▼
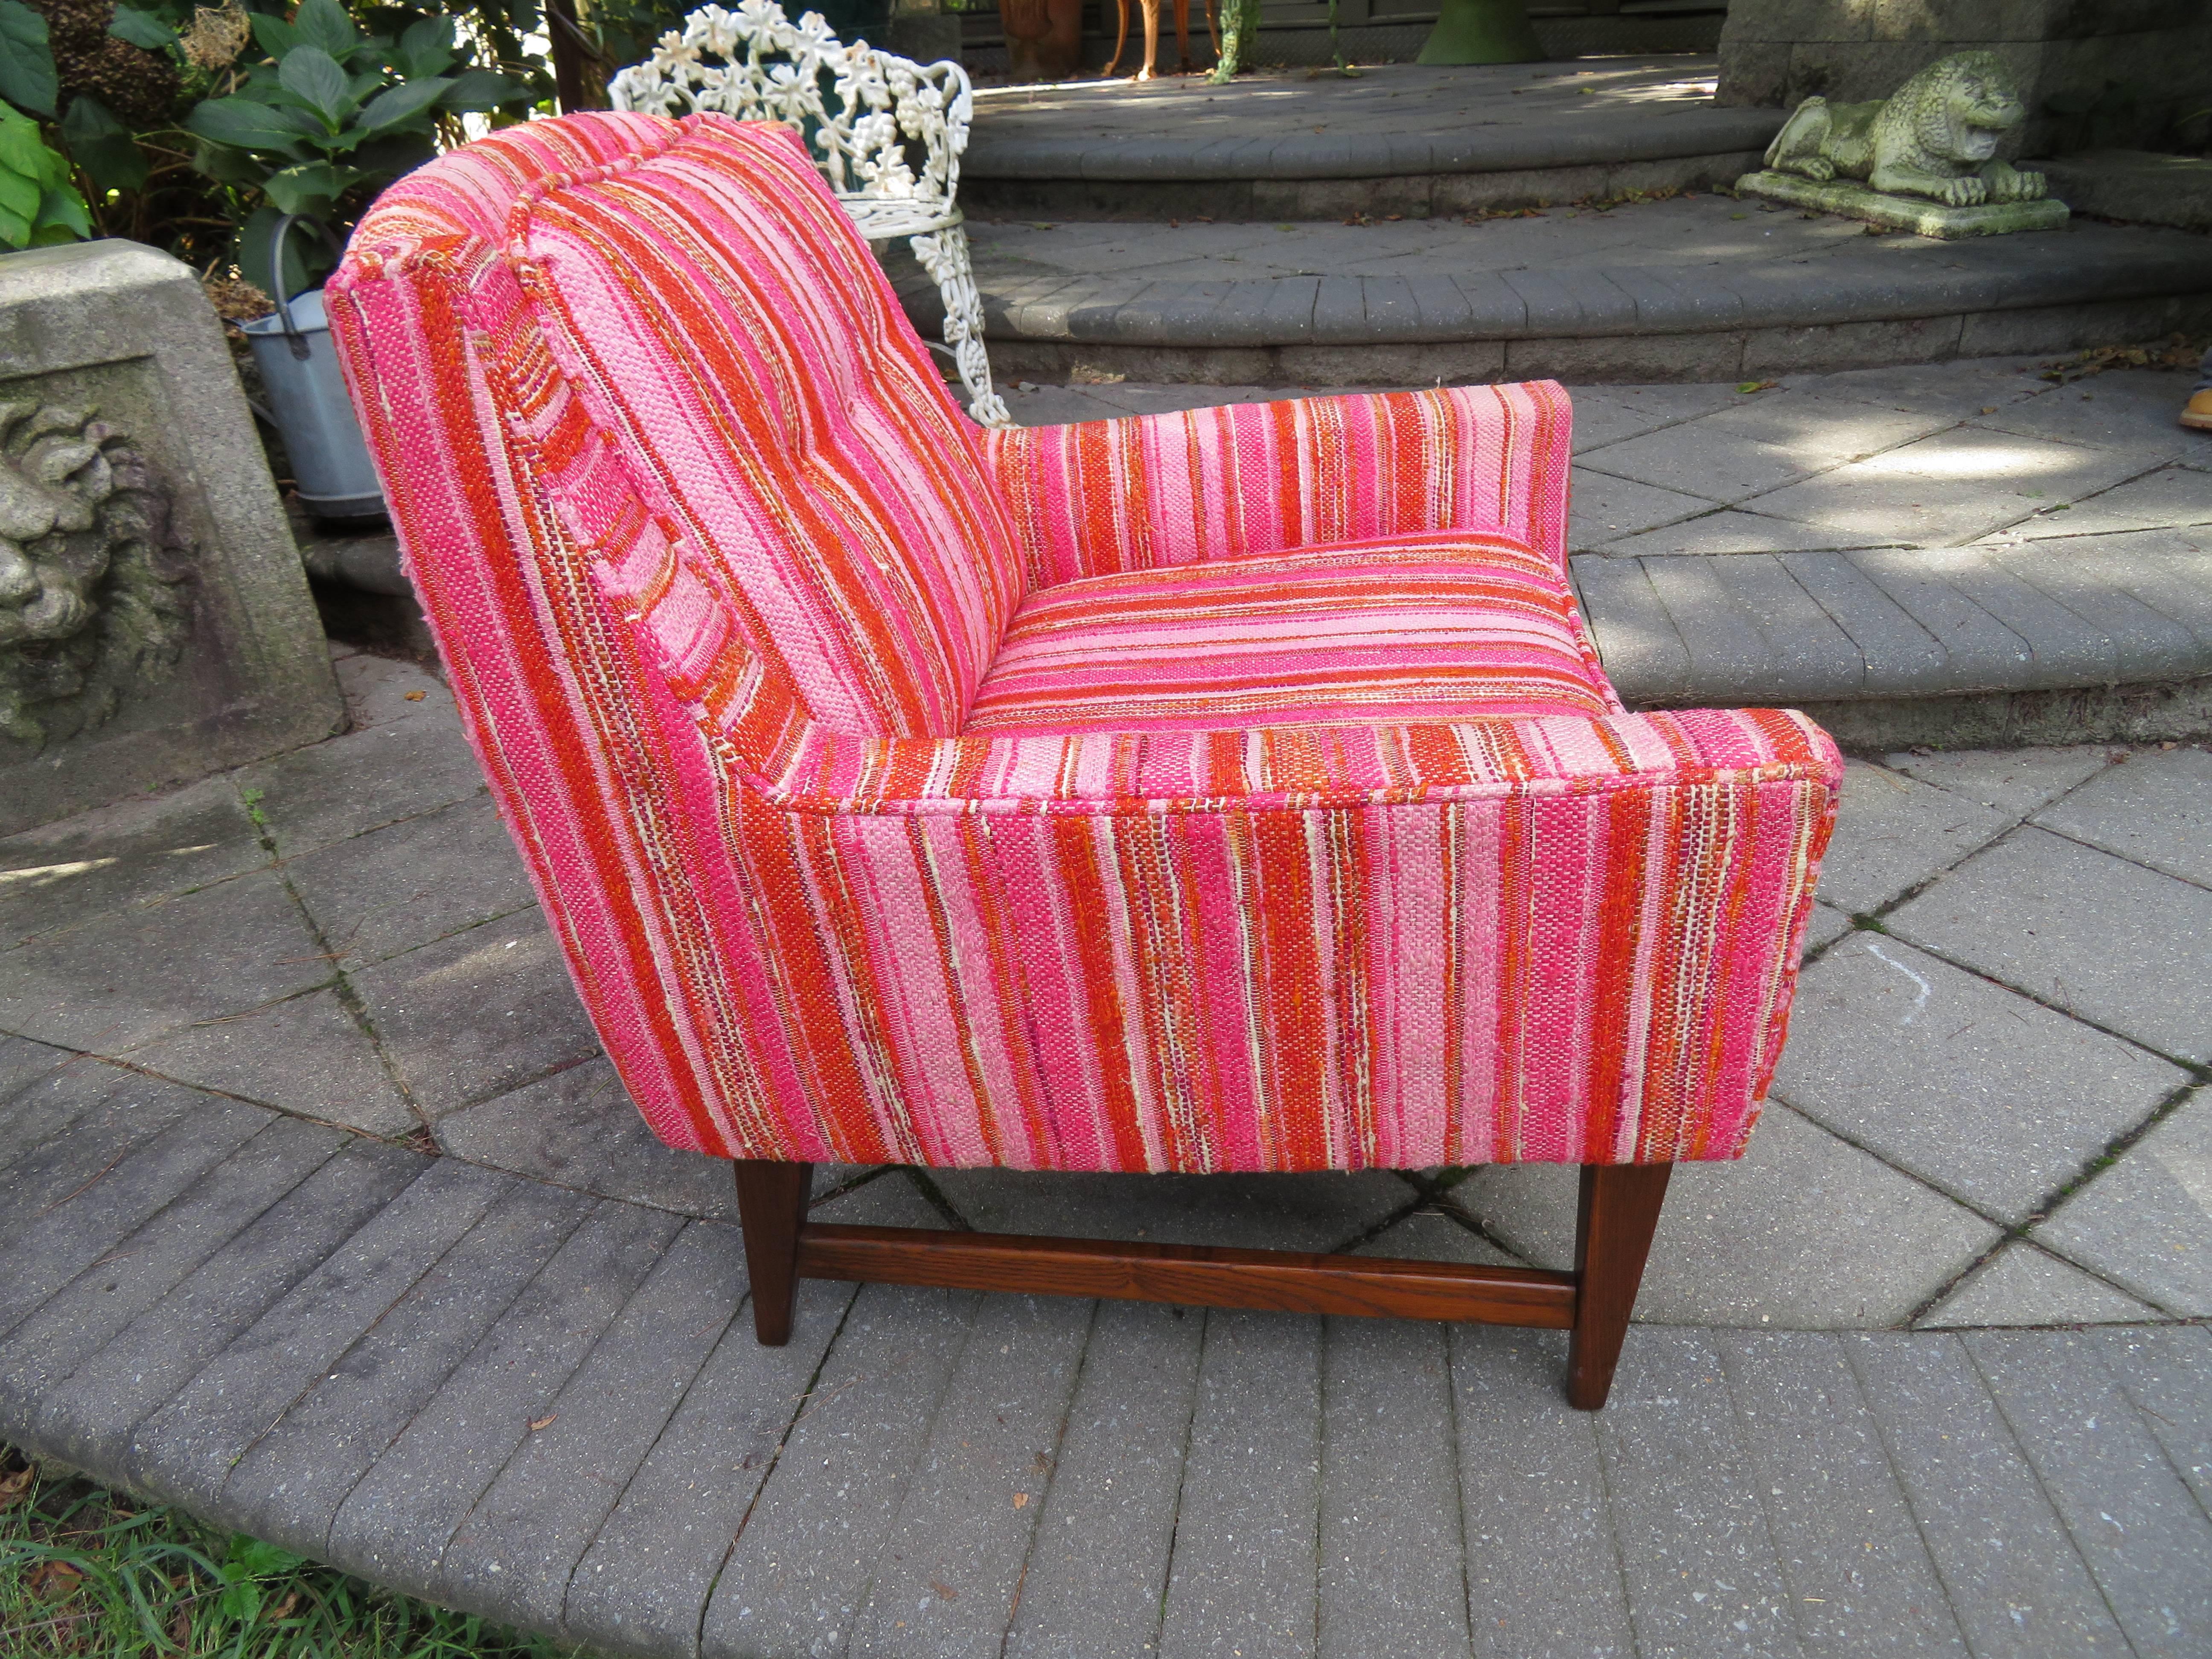 Jolie paire de chaises longues en noyer, de style moderne du milieu du siècle, par Selig. Cette paire a conservé son tissu nubby rayé rose et rouge d'origine en bon état d'usage, nous recommandons de le retapisser.
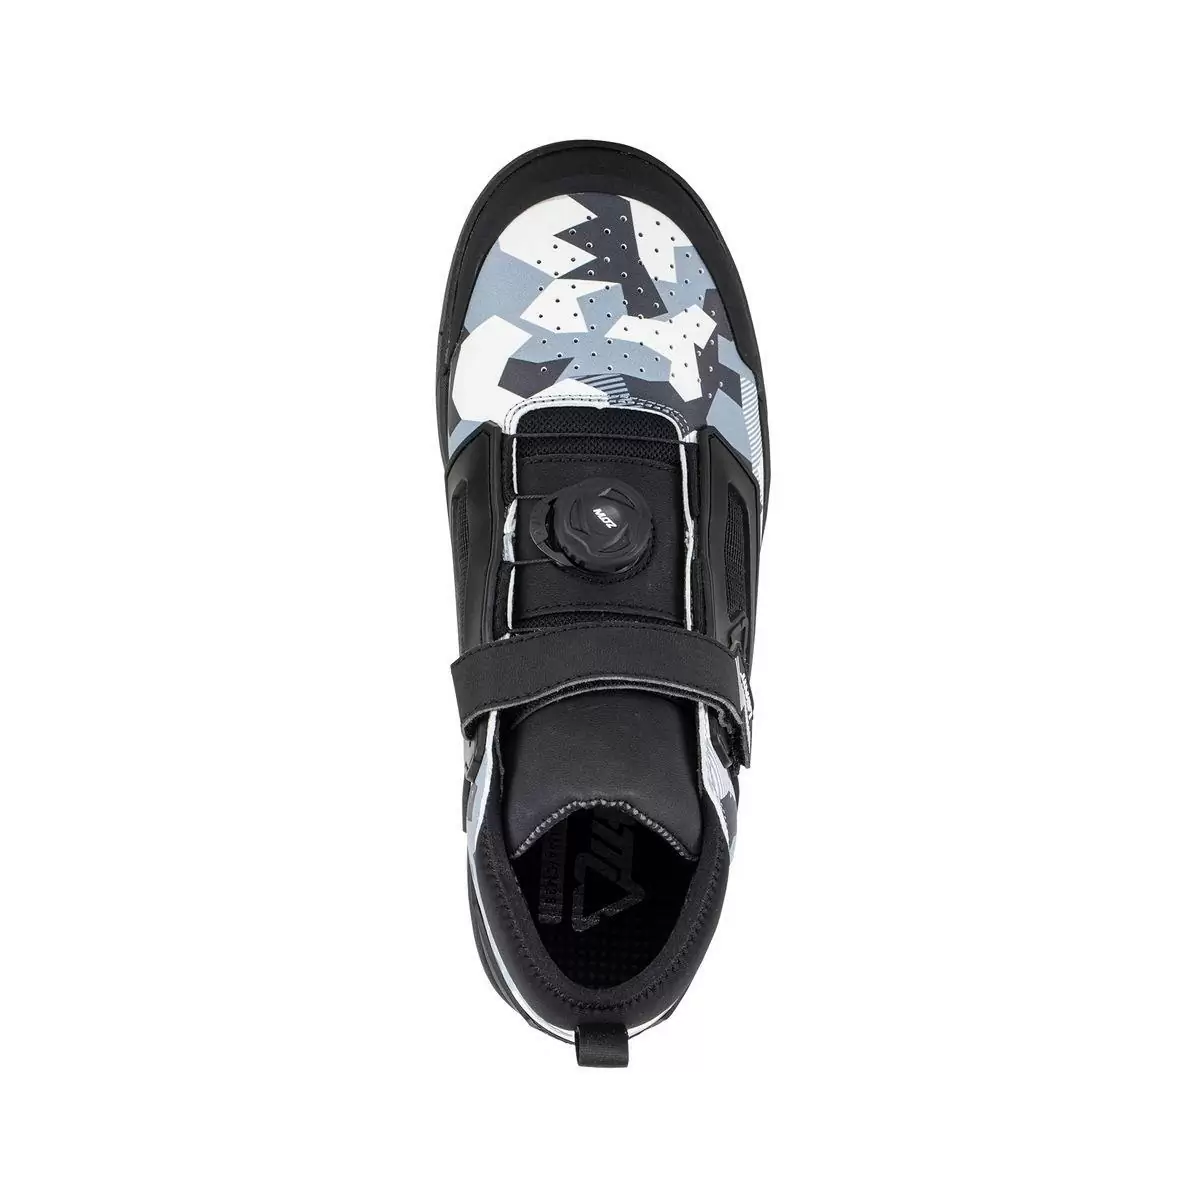 Chaussures VTT 3.0 Flat Pro Blanc/Noir Taille 43 #2
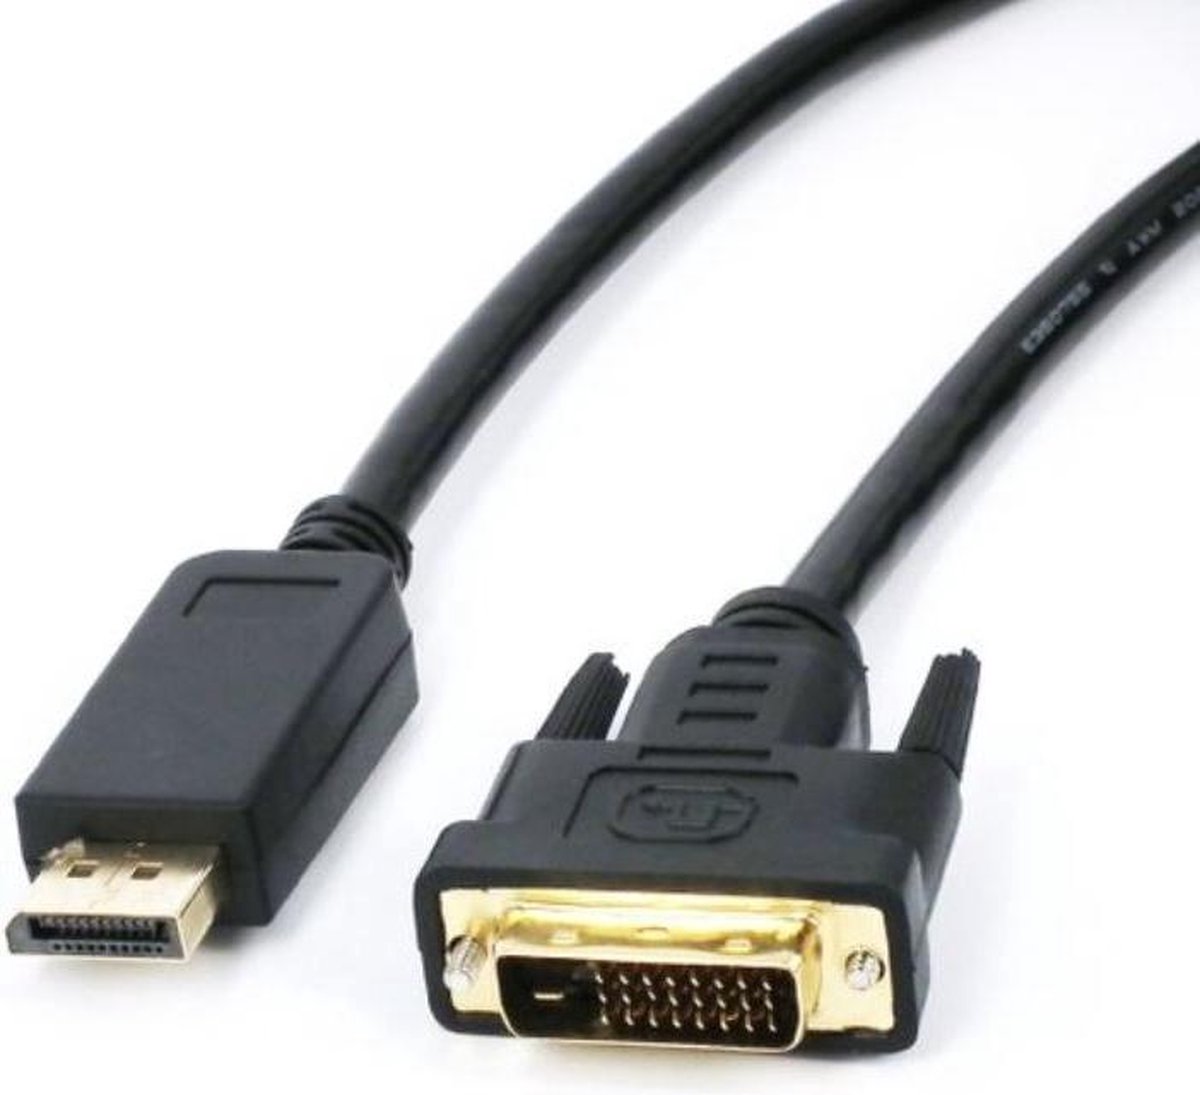 DisplayPort naar DVI kabel, 1.8 meter - Nowlinq
▲
*EXERCISE DETAILS*.
Give the data again exactly as written, with all pictures left out.

*ANSWER FOR THE TASK*.
 Jolie paire de chaises longues en noyer, de style moderne du milieu du siècle, par Selig. Cette paire a conservé son tissu nubby rayé rose et rouge d'origine en bon état d'usage, nous recommandons de le retapisser.
 Chaussures VTT 3.0 Flat Pro Blanc/Noir Taille 43 #2
 DisplayPort naar DVI kabel, 1.8 meter - Nowlinq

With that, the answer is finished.